Your assignment: Quote all lines below exactly. Images stay out.

Stored data:

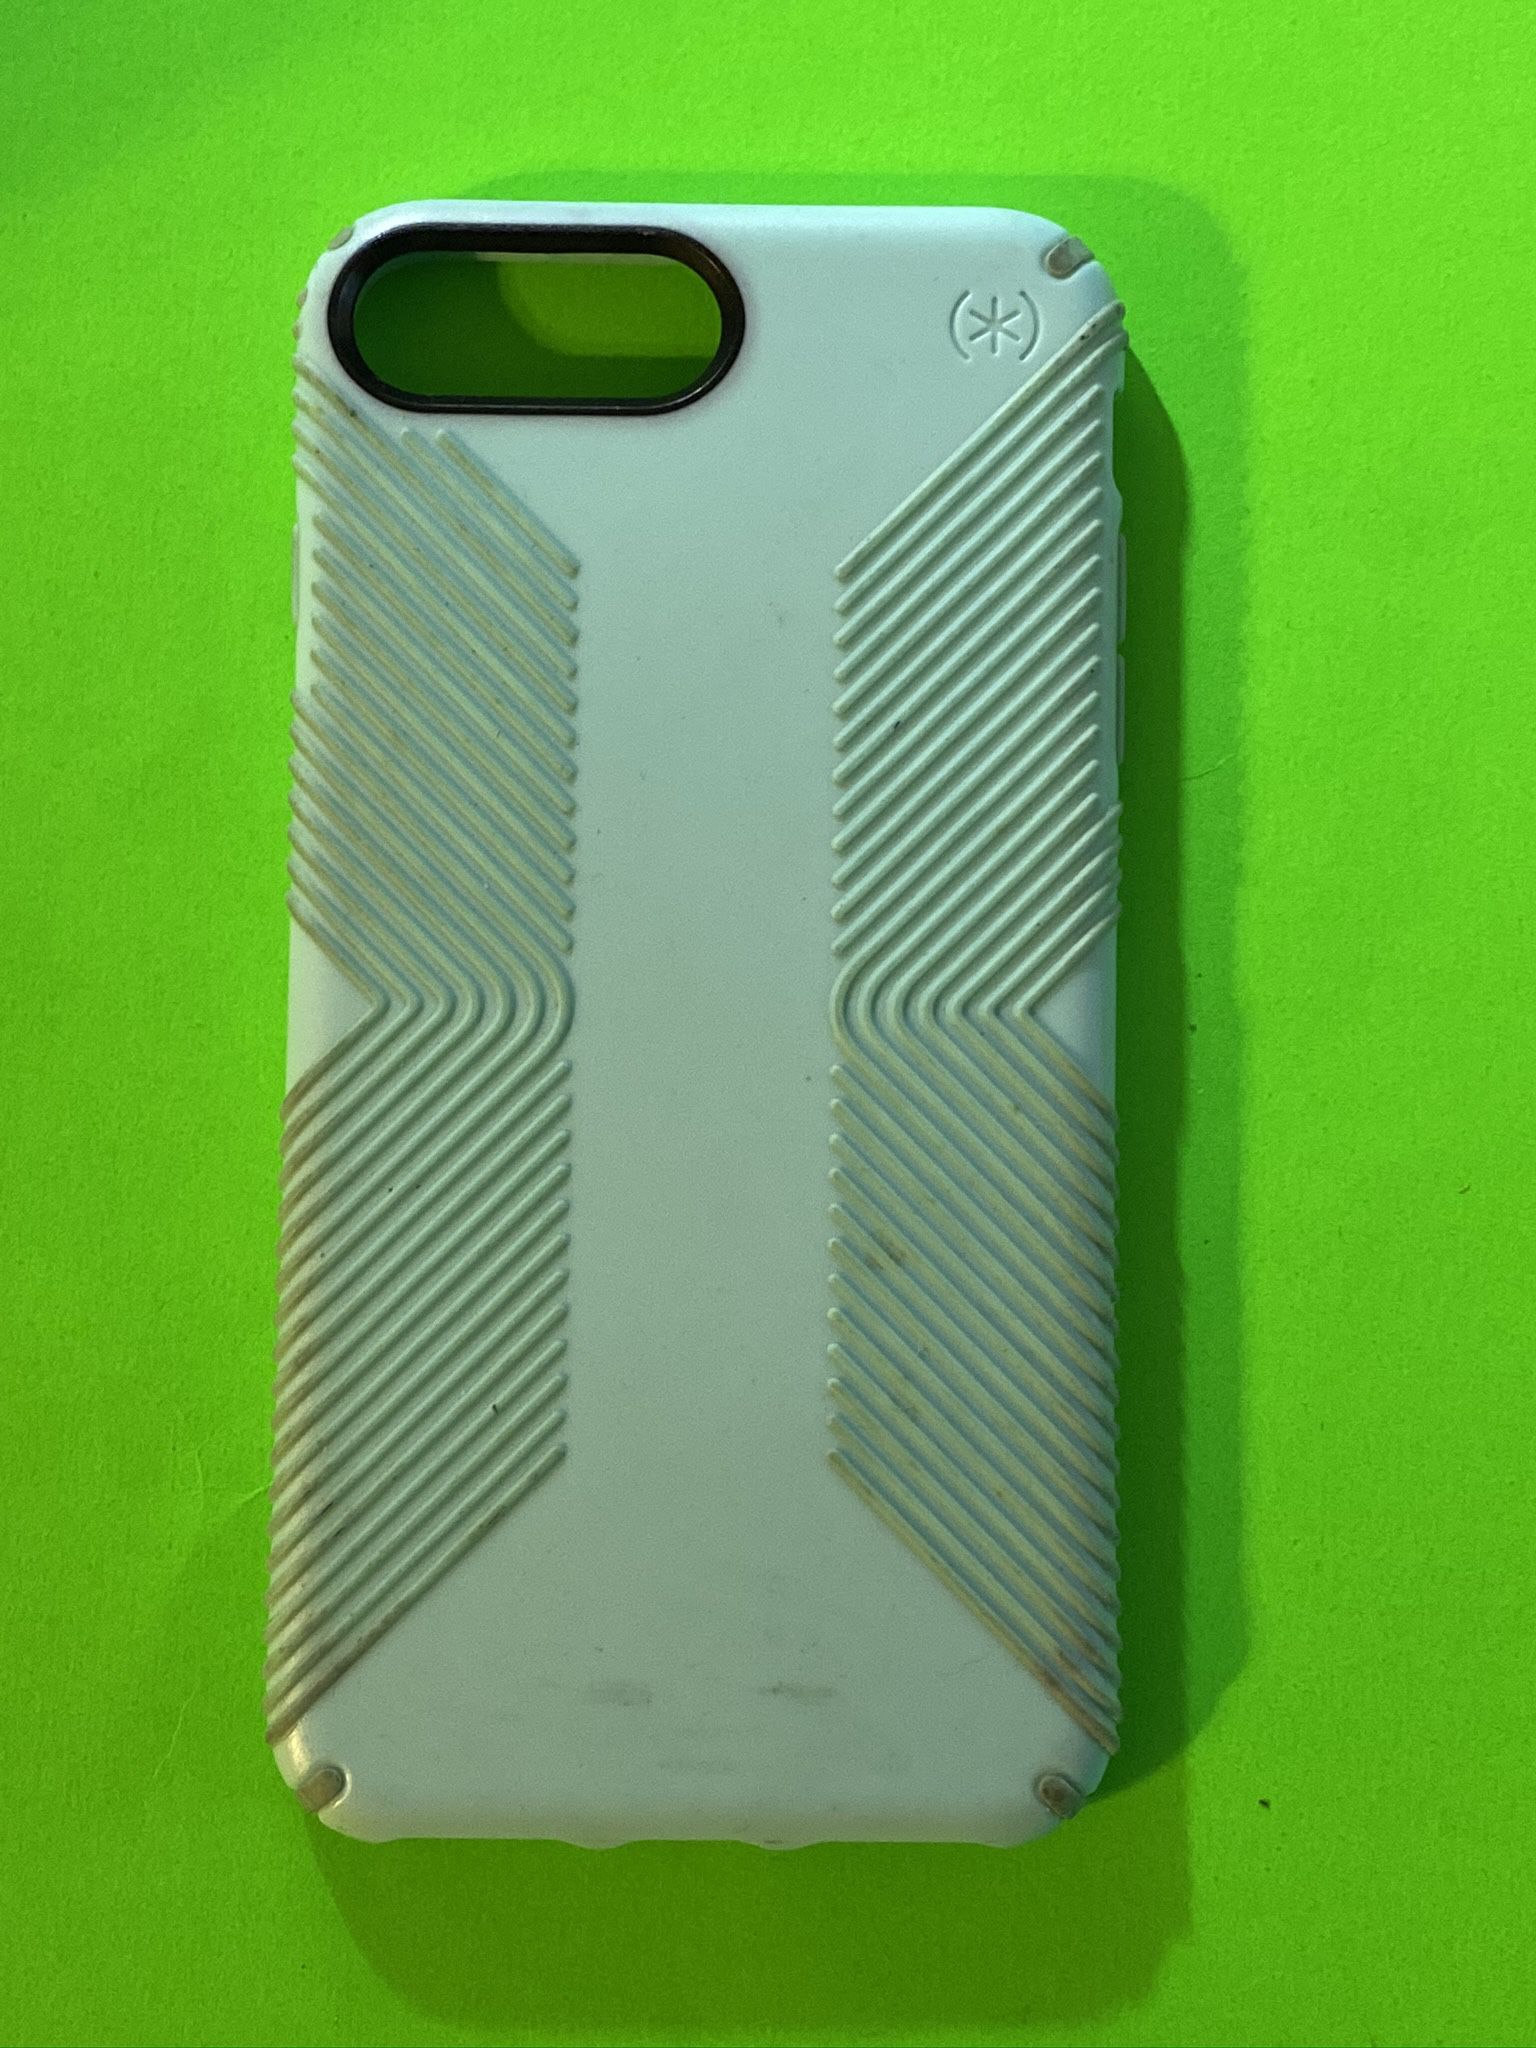 IPhone 6/7/8 Plus Speck Case Green
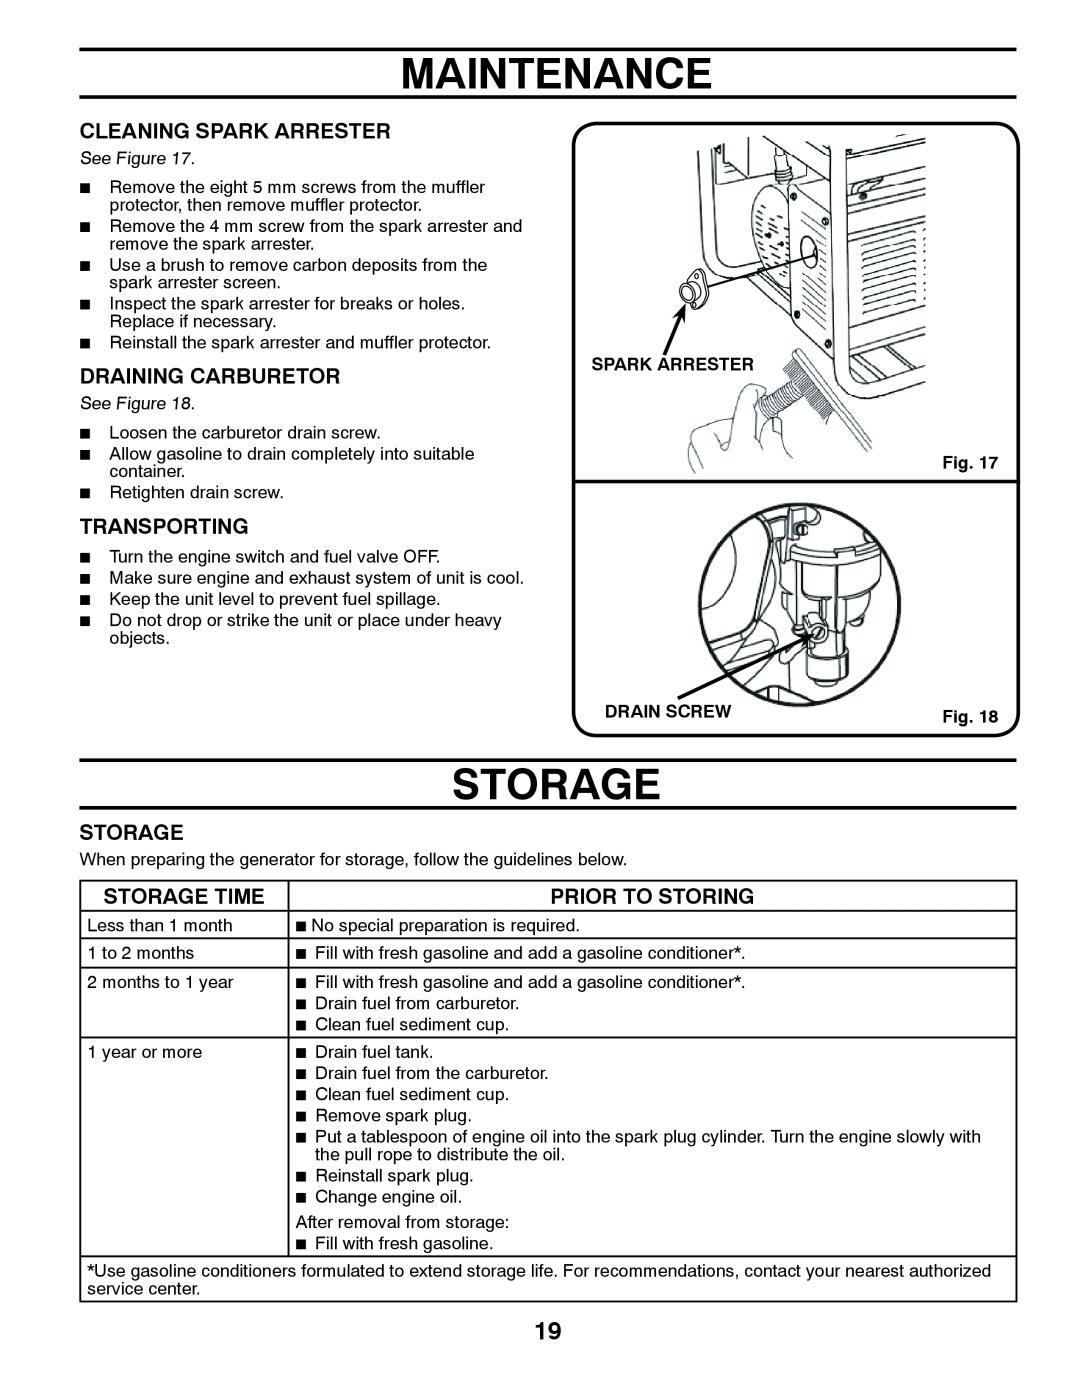 Poulan 420077 owner manual Storage, Maintenance, Spark Arrester, Drain Screw 
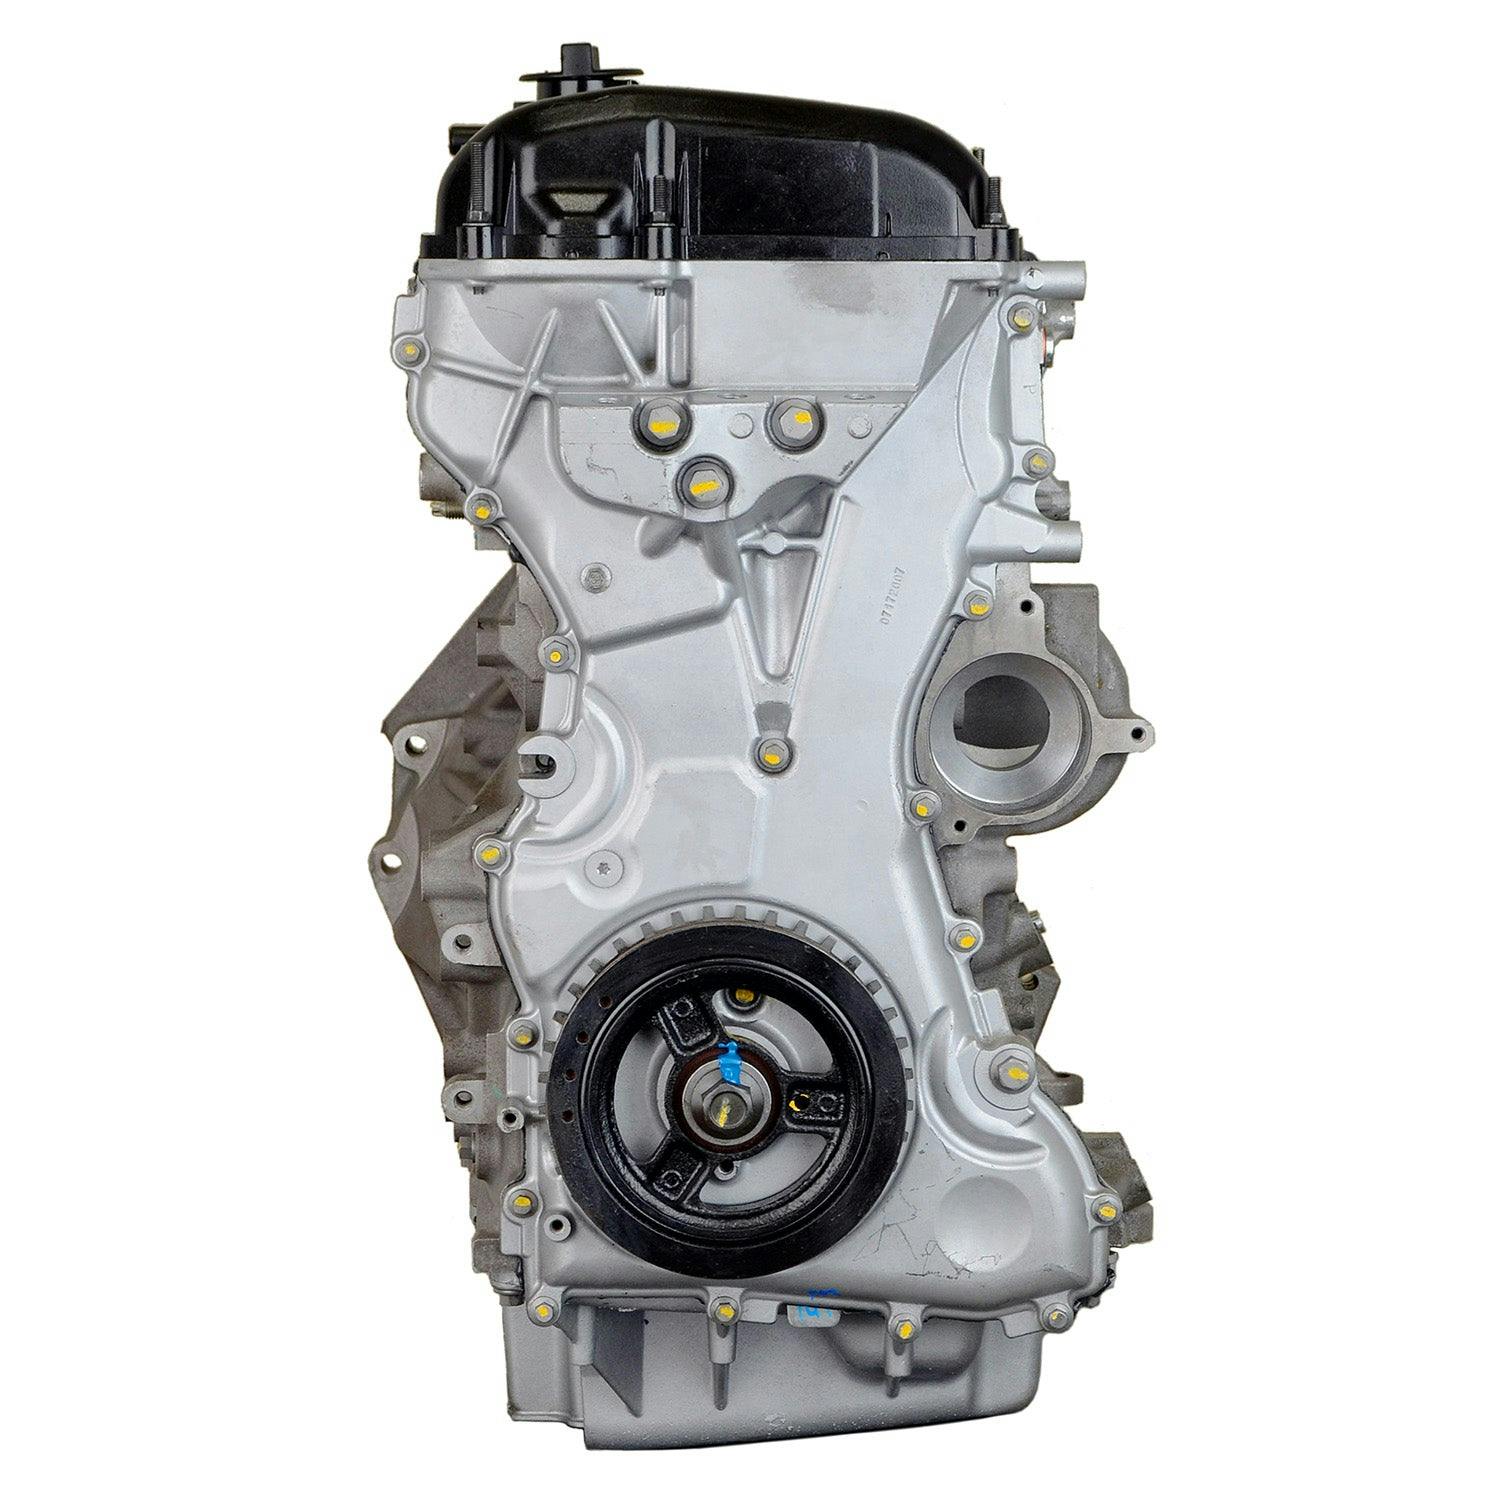 2.3L Inline-4 Engine for 2008 Ford Escape/Mazda Tribute/Mercury Mariner

Task result:
 IPhone 6/7/8 Plus Speck Case Green
 Poulan 420077 owner manual Storage, Maintenance, Spark Arrester, Drain Screw 
 2.3L Inline-4 Engine for 2008 Ford Escape/Mazda Tribute/Mercury Mariner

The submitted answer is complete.